Objective: The aim of the study is to evaluate the effect of moderate Sicilian red wine consumption on cardiovascular risk factors and, in particular, on some inflammatory biomarkers. Methods: A total of 48 subjects of both sexes who were nondrinkers or rare drinkers of moderate red wine were selected and randomly subdivided into two groups assigned to receive with a crossover design a Sicilian red wine (Nero d'Avola or Etna Torrepalino) during meals: Group A (n ¼ 24), in whom the diet was supplemented for 4 weeks with 250 ml/day of red wine, followed by 4 weeks when they returned to their usual wine intake; and Group B (n ¼ 24), in whom the usual wine intake was maintained for 4 weeks, followed by 4 weeks when the diet was supplemented with 250 ml/day of red wine.
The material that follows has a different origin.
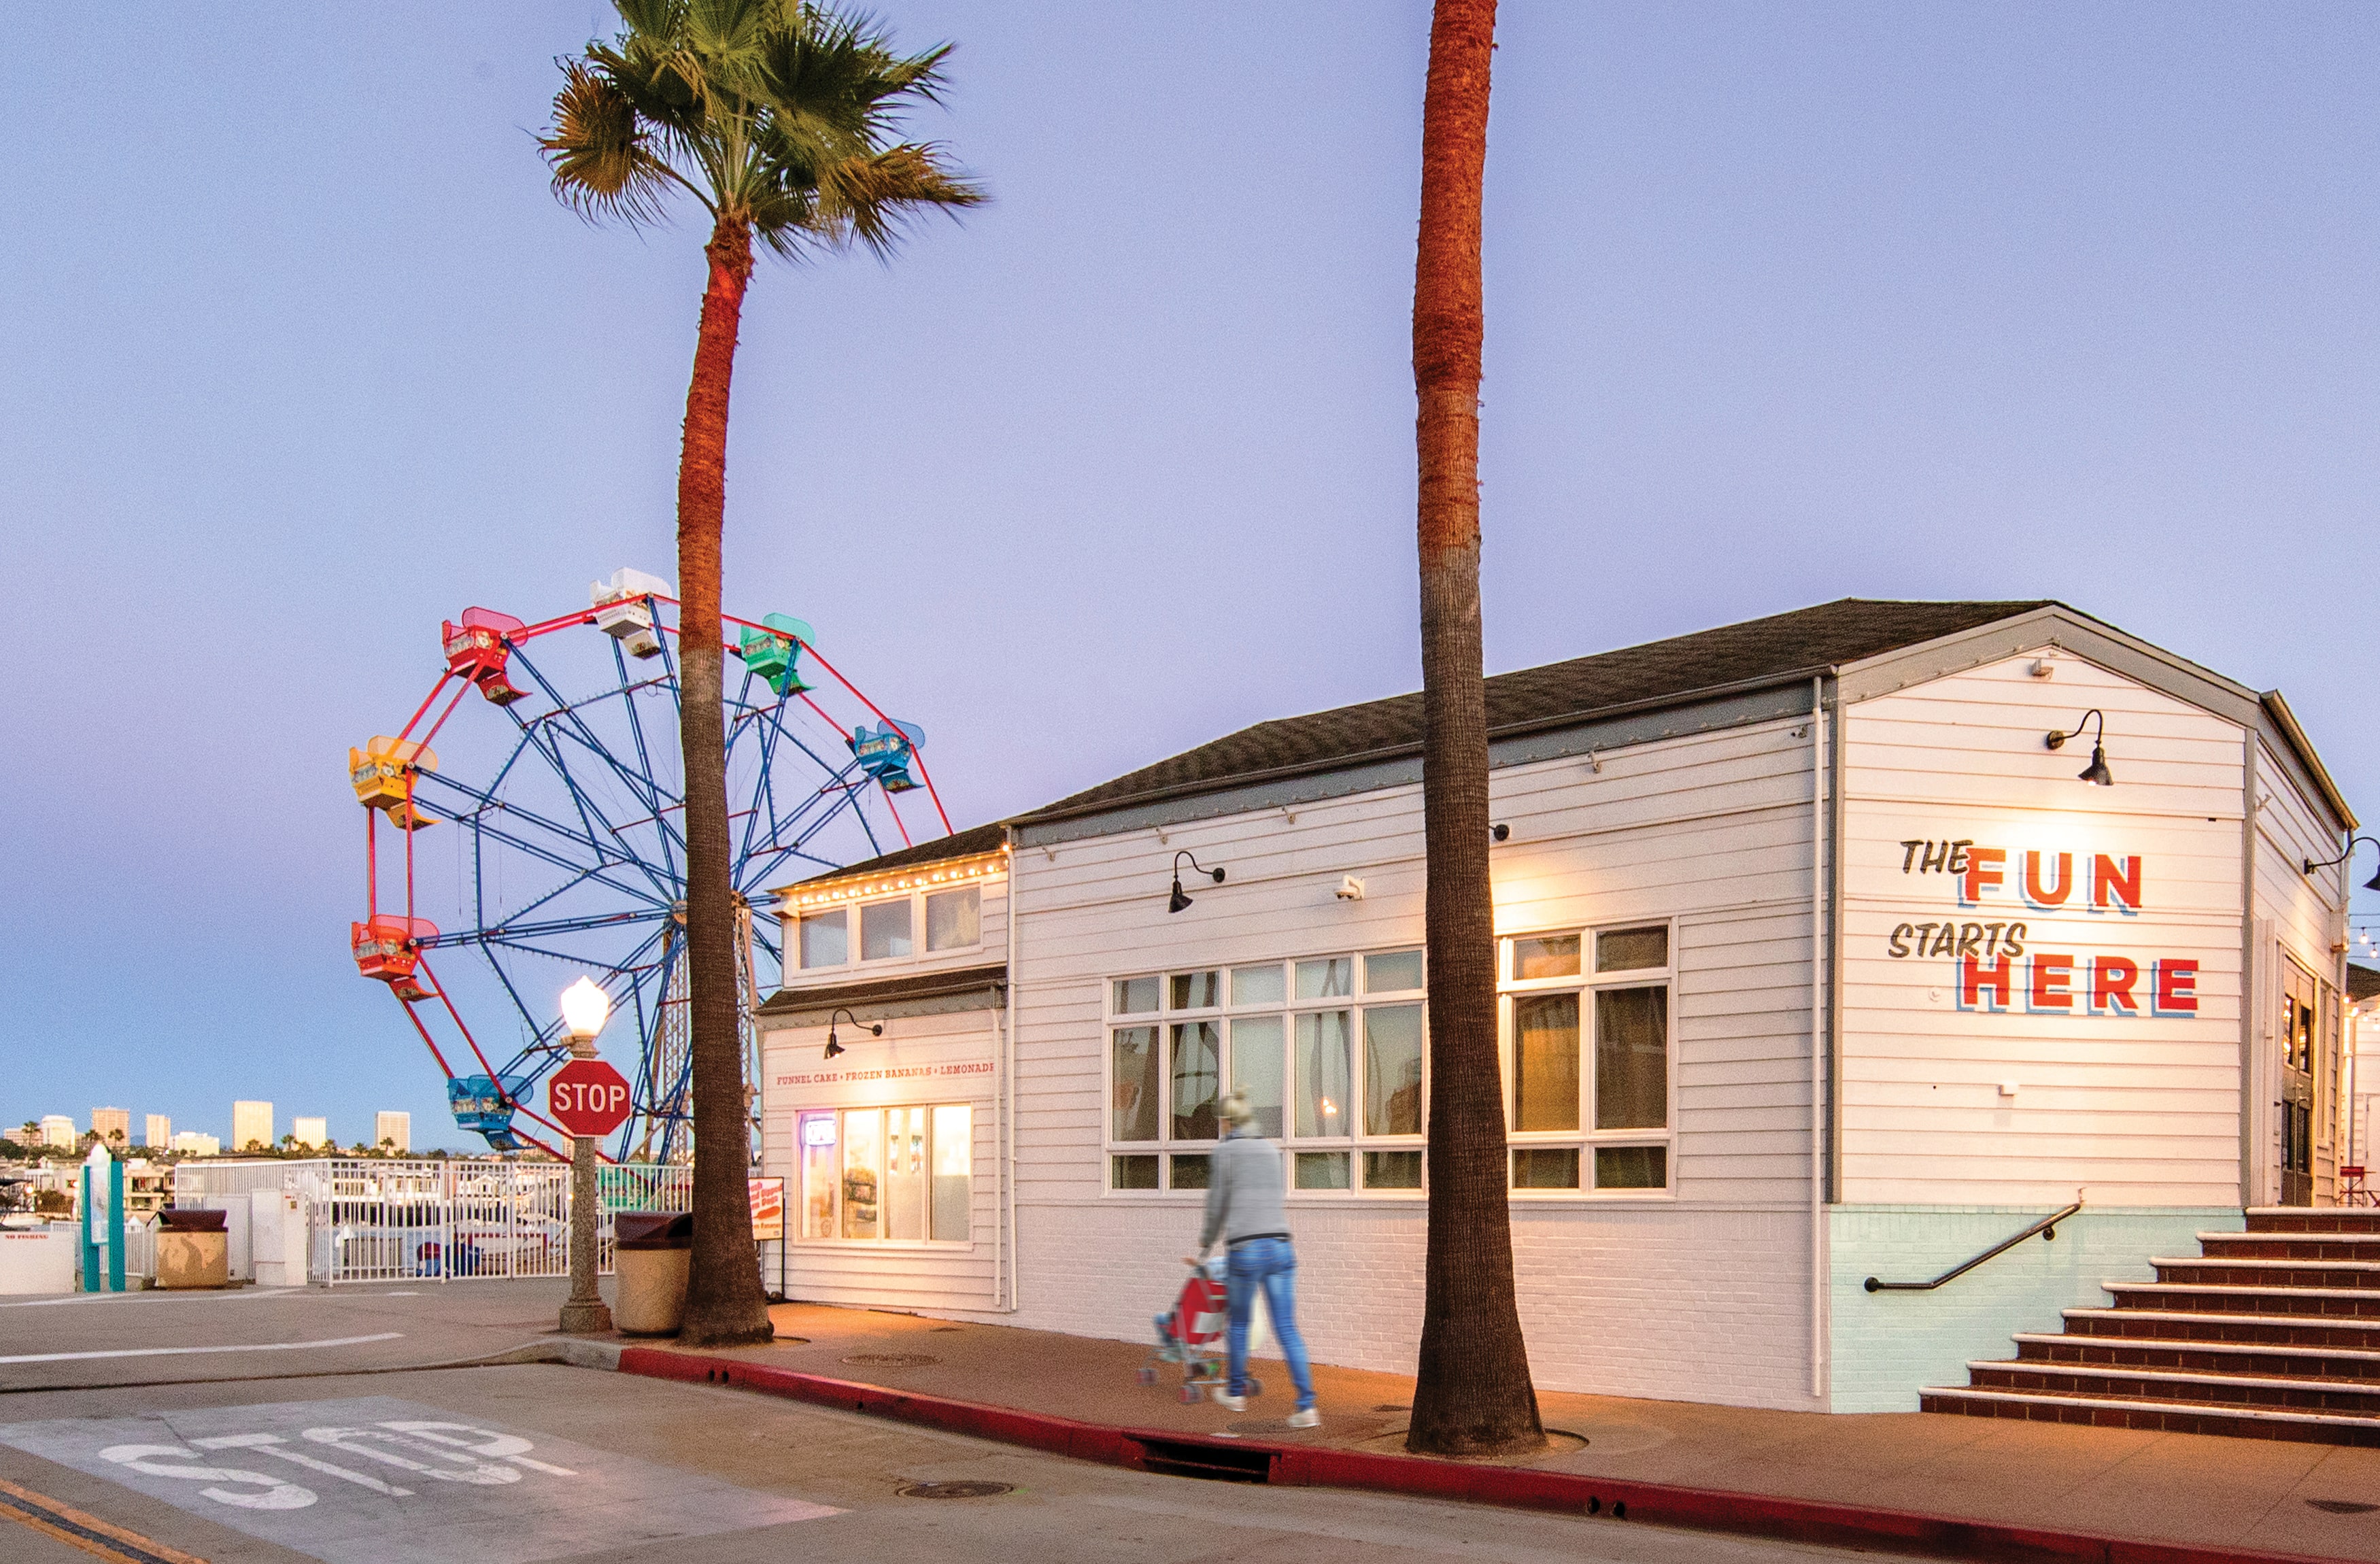 Image of woman pushing a stroller past "The Fun Starts Here" painted red lettering mural on the side of the building at the Balboa Fun Zone in Newport Beach, California nearby the ferris wheel.

The following were values measured in all tests: blood glucose, total and HDL-cholesterol and triglycerides, LDL-cholesterol, LDL/HDL ratio, apolipoproteins A1 and B, Lp(a), plasma C-reactive protein, TGFb1, D-Dimer, Factor VII , PAI Ag, t-PA Ag, fibrinogen, oxidized LDL Ab, total plasma antioxidant capacity. Results: At the end of the red wine intake period, LDL/HDL, fibrinogen, factor VII, plasma C-reactive protein and oxidized LDL Ab were significantly decreased, while HDL-C, Apo A1,TGFb1, t-PA, PAI and total plasma antioxidant capacity were significantly increased. Conclusions: Our results show a positive effect of two Sicilian red wines on many risk factors and on some inflammatory biomarkers, suggesting that a moderate consumption of red wine in the adult population is a positive component of the Mediterranean diet.